The emotional debate pits
special-education advocates against state associations that
represent school workers. As advocates seek a ban on what they say
are inhumane practices, educators fight for what they say is an
unfortunate, but necessary, way to address children with challenging
behaviors.
It also pits parents like Michael's
mother, Elizabeth Johnson, who want a ban on seclusion and
restraints, against those who say school staff should be allowed to
use them with children who otherwise may not be able to remain in a
public school setting.
"When you have an issue of this
magnitude, the emotion that flows is unbelievable. Nobody wants to
be in this position to begin with," said Mark Moody, director of
special education for the Midland County Educational Service Agency
and president-elect of the Michigan Association of Administrators of
Special Education.
Certainly not Johnson, who lives in
Kalamazoo. Three years later, she is still fighting to make sure
educators learn a lesson from her 15-year-old son's death. His death
was ruled an accident, but an autopsy report said the cause was a
combination of prolonged restraint and cardiac arrest.
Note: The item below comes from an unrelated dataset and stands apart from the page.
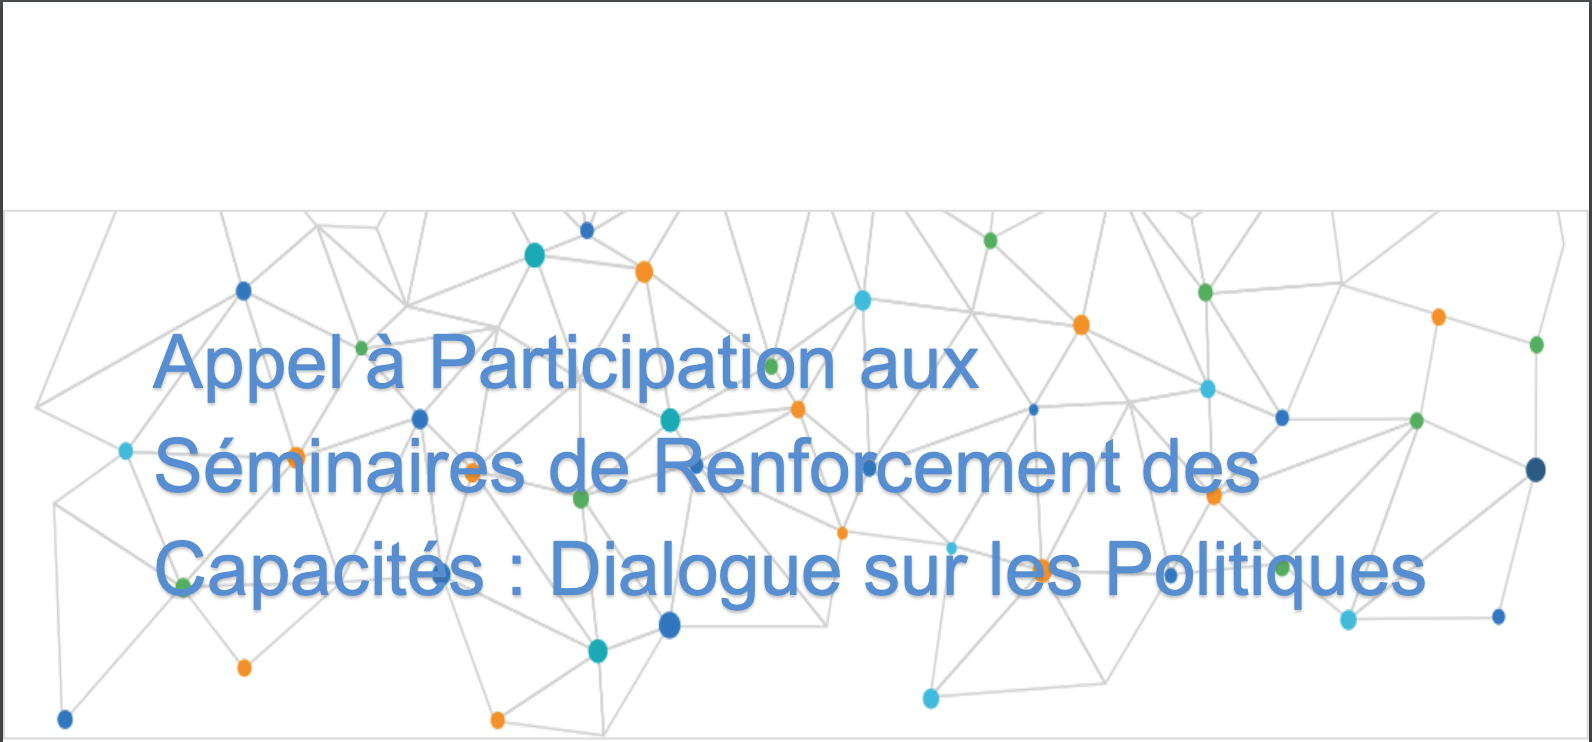 Appel à participations : Séminaires de renforcement des capacités et dialogue sur les politiques

"I'm still outraged. It cannot
happen to another person's child," Johnson said this week.
A revised policy would guide
districts on how to address the issue, but schools wouldn't be
mandated to adopt it, said Martin Ackley, spokesman for the
education department.
"But if there are cases where a
student or a teacher were harmed, and there were legal actions, the
court would look at whether a school district had implemented the
policy," Ackley said.
Michigan has not kept records on
how often restraints and seclusion are used.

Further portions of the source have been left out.